* What you need to do *
Here is a listing; restate all of it exactly.

Data: Begin

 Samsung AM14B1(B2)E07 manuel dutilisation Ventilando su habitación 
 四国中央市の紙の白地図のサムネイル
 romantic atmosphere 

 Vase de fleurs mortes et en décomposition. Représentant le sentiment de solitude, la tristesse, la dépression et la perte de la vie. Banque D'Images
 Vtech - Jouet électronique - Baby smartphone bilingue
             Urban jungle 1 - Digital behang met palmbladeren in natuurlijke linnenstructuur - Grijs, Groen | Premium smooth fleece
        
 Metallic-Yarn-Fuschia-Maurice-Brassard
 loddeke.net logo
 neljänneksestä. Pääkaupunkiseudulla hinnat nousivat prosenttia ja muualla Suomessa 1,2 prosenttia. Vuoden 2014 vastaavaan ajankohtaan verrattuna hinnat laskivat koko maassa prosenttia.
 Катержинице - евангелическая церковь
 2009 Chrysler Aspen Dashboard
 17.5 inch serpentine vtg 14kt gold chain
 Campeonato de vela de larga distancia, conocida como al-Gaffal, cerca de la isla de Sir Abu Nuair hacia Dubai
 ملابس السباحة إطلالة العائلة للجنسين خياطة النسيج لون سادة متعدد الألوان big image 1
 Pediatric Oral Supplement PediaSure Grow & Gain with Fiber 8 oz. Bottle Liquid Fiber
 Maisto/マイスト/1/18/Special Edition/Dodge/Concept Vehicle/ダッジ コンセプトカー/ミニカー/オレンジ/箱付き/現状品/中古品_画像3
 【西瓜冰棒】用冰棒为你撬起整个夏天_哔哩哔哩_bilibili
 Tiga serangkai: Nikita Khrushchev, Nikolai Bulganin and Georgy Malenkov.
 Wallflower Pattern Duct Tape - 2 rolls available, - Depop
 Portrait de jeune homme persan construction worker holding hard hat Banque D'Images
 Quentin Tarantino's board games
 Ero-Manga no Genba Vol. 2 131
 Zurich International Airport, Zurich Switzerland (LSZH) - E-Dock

Data: End

* Exercise response *
 Samsung AM14B1(B2)E07 manuel dutilisation Ventilando su habitación 
 四国中央市の紙の白地図のサムネイル
 romantic atmosphere 

 Vase de fleurs mortes et en décomposition. Représentant le sentiment de solitude, la tristesse, la dépression et la perte de la vie. Banque D'Images
 Vtech - Jouet électronique - Baby smartphone bilingue
             Urban jungle 1 - Digital behang met palmbladeren in natuurlijke linnenstructuur - Grijs, Groen | Premium smooth fleece
        
 Metallic-Yarn-Fuschia-Maurice-Brassard
 loddeke.net logo
 neljänneksestä. Pääkaupunkiseudulla hinnat nousivat prosenttia ja muualla Suomessa 1,2 prosenttia. Vuoden 2014 vastaavaan ajankohtaan verrattuna hinnat laskivat koko maassa prosenttia.
 Катержинице - евангелическая церковь
 2009 Chrysler Aspen Dashboard
 17.5 inch serpentine vtg 14kt gold chain
 Campeonato de vela de larga distancia, conocida como al-Gaffal, cerca de la isla de Sir Abu Nuair hacia Dubai
 ملابس السباحة إطلالة العائلة للجنسين خياطة النسيج لون سادة متعدد الألوان big image 1
 Pediatric Oral Supplement PediaSure Grow & Gain with Fiber 8 oz. Bottle Liquid Fiber
 Maisto/マイスト/1/18/Special Edition/Dodge/Concept Vehicle/ダッジ コンセプトカー/ミニカー/オレンジ/箱付き/現状品/中古品_画像3
 【西瓜冰棒】用冰棒为你撬起整个夏天_哔哩哔哩_bilibili
 Tiga serangkai: Nikita Khrushchev, Nikolai Bulganin and Georgy Malenkov.
 Wallflower Pattern Duct Tape - 2 rolls available, - Depop
 Portrait de jeune homme persan construction worker holding hard hat Banque D'Images
 Quentin Tarantino's board games
 Ero-Manga no Genba Vol. 2 131
 Zurich International Airport, Zurich Switzerland (LSZH) - E-Dock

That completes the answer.